Complete AI crawler directory

Crawler	Platform	Purpose	robots.txt name	Recommended
GPTBot	OpenAI	Training data collection for GPT models	`GPTBot`	Allow (with caution)
OAI-SearchBot	OpenAI	Real-time search indexing for ChatGPT search	`OAI-SearchBot`	Allow
ChatGPT-User	OpenAI	Fetches pages when users share URLs in ChatGPT or use custom GPTs	`ChatGPT-User`	Allow
ClaudeBot	Anthropic	Training data and web retrieval for Claude	`ClaudeBot`	Allow
PerplexityBot	Perplexity	Indexing for Perplexity AI search	`PerplexityBot`	Allow
Google-Extended	Google	Training data for Gemini and AI Overviews	`Google-Extended`	Allow
GoogleOther	Google	Additional crawling for Google AI features and research	`GoogleOther`	Allow
CCBot	Common Crawl	Open training data used by many AI models	`CCBot`	Optional
Bytespider	ByteDance / TikTok	Training data for ByteDance AI models	`Bytespider`	Optional
Amazonbot	Amazon	Indexing for Alexa answers and Rufus shopping AI	`Amazonbot`	Allow (ecommerce)
FacebookBot	Meta	Crawling for Meta AI features and link previews	`FacebookBot`	Allow
AppleBot-Extended	Apple	Training data for Siri and Apple Intelligence features	`Applebot-Extended`	Allow

Understanding the three types of AI crawler

Training crawlers

These crawlers collect content to train AI models. Blocking them prevents your content from being included in future model training but does not affect current AI search results. Examples: GPTBot, Google-Extended, CCBot, Bytespider.

Search indexing crawlers

These crawlers index your content for real-time AI search. Blocking them removes your site from that platform's AI search results entirely. Examples: OAI-SearchBot, PerplexityBot, Amazonbot.

User-triggered crawlers

These crawlers fetch pages when a user specifically requests it (e.g., sharing a URL in ChatGPT). Blocking them prevents the AI from reading pages users share. Example: ChatGPT-User.

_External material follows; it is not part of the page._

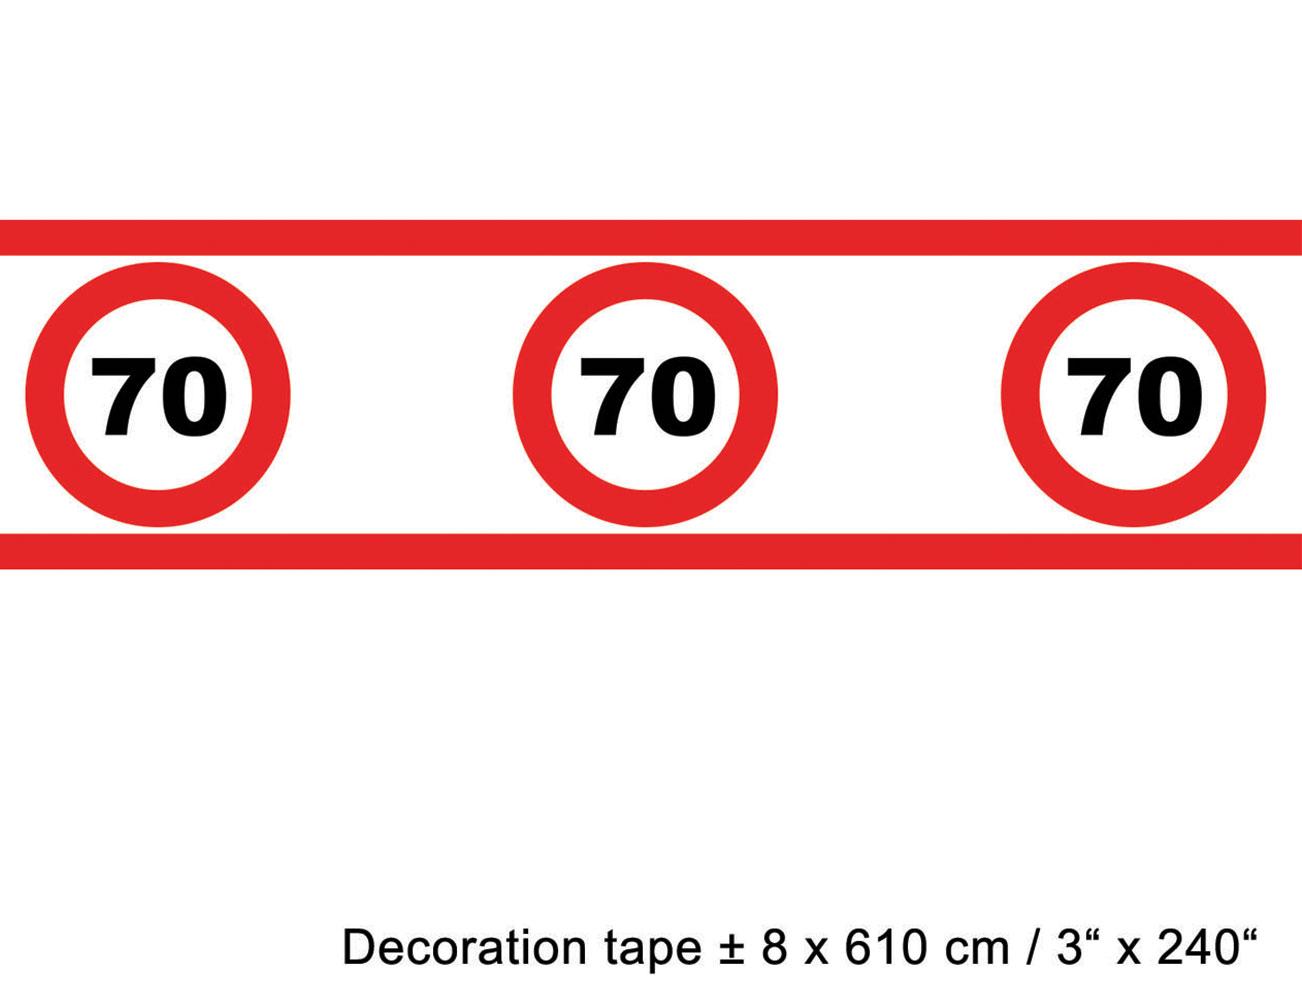 Absperrband geburtstag 70 jahre dekoration g nstige for Dekoration 70 jahre

Recommended robots.txt configuration

The following configuration allows all AI search crawlers (so your content appears in AI search results) while optionally blocking training-only crawlers if you prefer not to contribute to model training.

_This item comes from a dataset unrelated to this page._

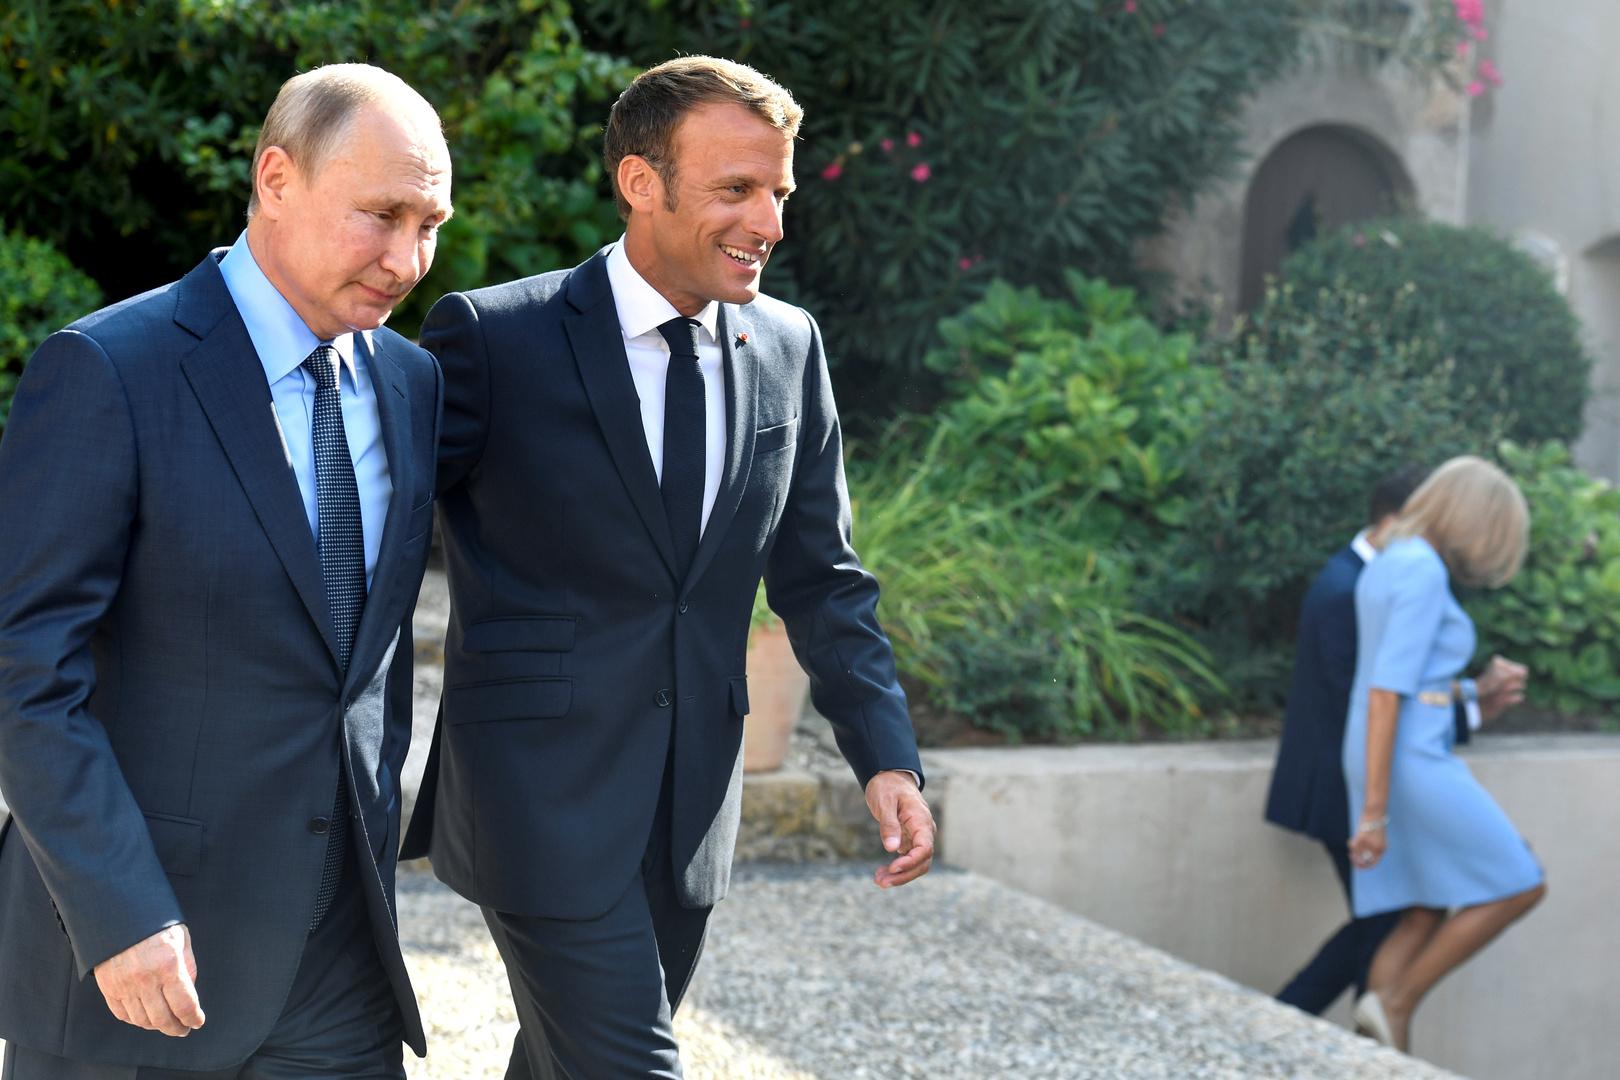 ماكرون يخطو لملاقاة بوتين.. وفي برلين يوجهون مزيدا من النقد لباريس

Option 1: Allow all AI crawlers (recommended)

# AI Search Crawlers — Allow All
# This ensures maximum AI search visibility

User-agent: GPTBot
Allow: /

User-agent: OAI-SearchBot
Allow: /

User-agent: ChatGPT-User
Allow: /

User-agent: ClaudeBot
Allow: /

User-agent: PerplexityBot
Allow: /

User-agent: Google-Extended
Allow: /

User-agent: GoogleOther
Allow: /

User-agent: Amazonbot
Allow: /

User-agent: FacebookBot
Allow: /

User-agent: Applebot-Extended
Allow: /

Option 2: Allow search crawlers, block training-only crawlers

# AI Search Crawlers — Allow search, block training
# Maintains AI search visibility while limiting training use

# ALLOW — these power AI search results
User-agent: OAI-SearchBot
Allow: /

User-agent: ChatGPT-User
Allow: /

User-agent: PerplexityBot
Allow: /

User-agent: Amazonbot
Allow: /

User-agent: Google-Extended
Allow: /

User-agent: FacebookBot
Allow: /

# BLOCK — these are training-only
User-agent: GPTBot
Disallow: /

User-agent: CCBot
Disallow: /

User-agent: Bytespider
Disallow: /

Key decisions and trade-offs

Should you block GPTBot?

GPTBot collects training data for future GPT models. Blocking it will not remove you from current ChatGPT search results (that is OAI-SearchBot). However, allowing GPTBot means your content may influence how future GPT models understand your industry and brand — which could be beneficial for long-term AI visibility. Most AI search agencies recommend allowing GPTBot.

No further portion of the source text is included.